In its yearly report on TB released on Thursday, the U.N. health agency said 1.5 million people worldwide died of the bacterial disease last year, a slight rise from the 1.4 million deaths in 2019. Evidence of the ancient disease has been found in Egyptian mummies and it’s believed to have killed more people in history than any other infectious illness; TB routinely kills more people every year than AIDS and malaria.

The WHO also said far fewer people were newly diagnosed with TB in 2020; 5.8 million versus 7.1 million in 2019. The agency also estimates that about 4 million people suffer from TB but have yet to be diagnosed, a rise from 2.9 million people the previous year.
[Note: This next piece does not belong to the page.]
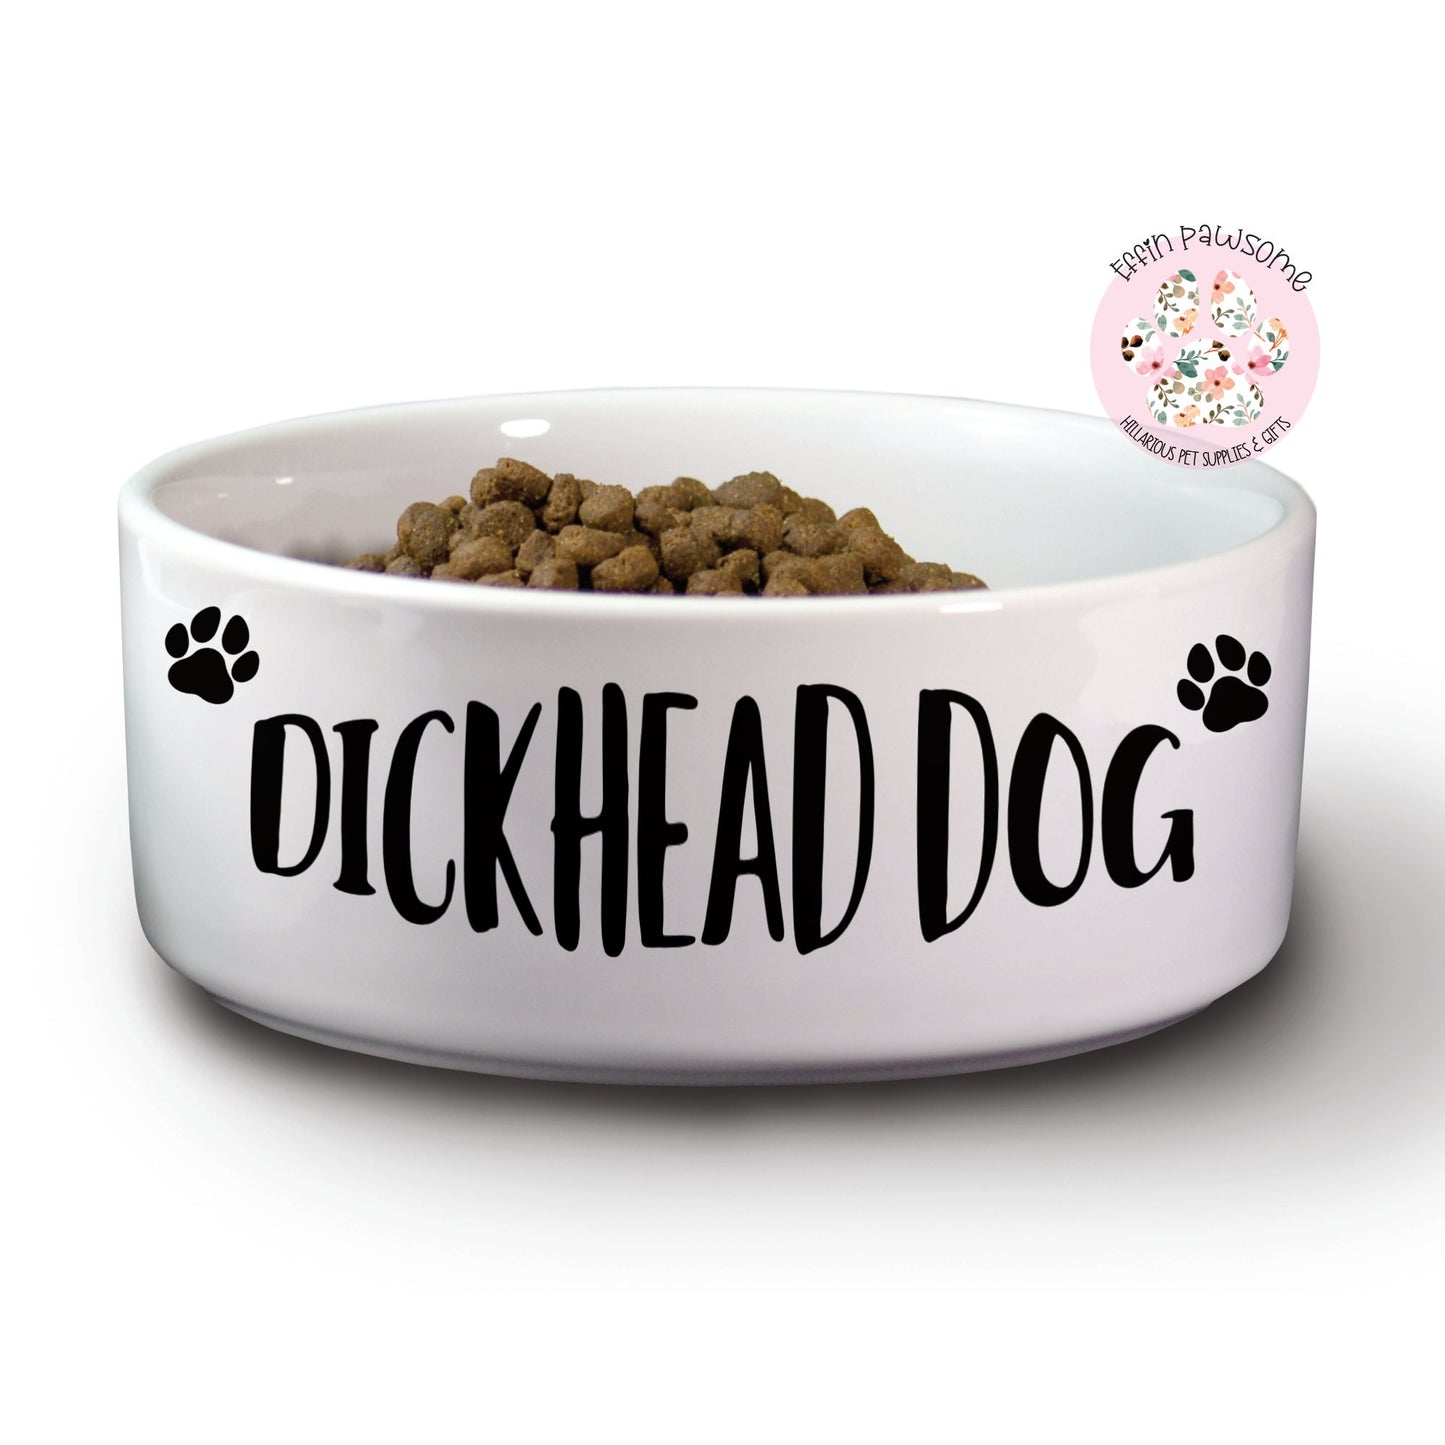 Dickhead Dog | Ceramic Pet Feeding Bowl | Pet Accessories | Feeding Supplies | Funny Dogs Gift | New Home | Novelty Gift | New Pet Gift

The disease is caused by a bacterium that often infects the lungs and is highly transmissible when those sickened by it cough or sneeze. About one quarter of the world’s population has a latent TB infection, meaning they carry the bacterium, but haven’t become ill and can’t transmit it. Those who harbor the bacterium have a 5 to 10% chance of eventually developing TB.

The disease is treatable if caught early, but drug-resistant versions have complicated treatment efforts and scientists are increasingly worried the bacterium will soon outpace available medicines. The countries with the highest numbers of TB cases include India, China, Indonesia, the Philippines, Nigeria, Bangladesh and South Africa.

“We cannot accept that year after year, 1.5 million people die from the curable disease TB because they do not have access to the diagnostics and drugs that can save their lives,” said Stijn Deborggraev, diagnostics adviser for Doctors Without Borders’ Access campaign. In a statement, Deborggraev said access to testing was limited in many countries with high numbers of TB patients because they depend on tests made by the American company Cepheid, which he claimed was overcharging poorer countries for their tests.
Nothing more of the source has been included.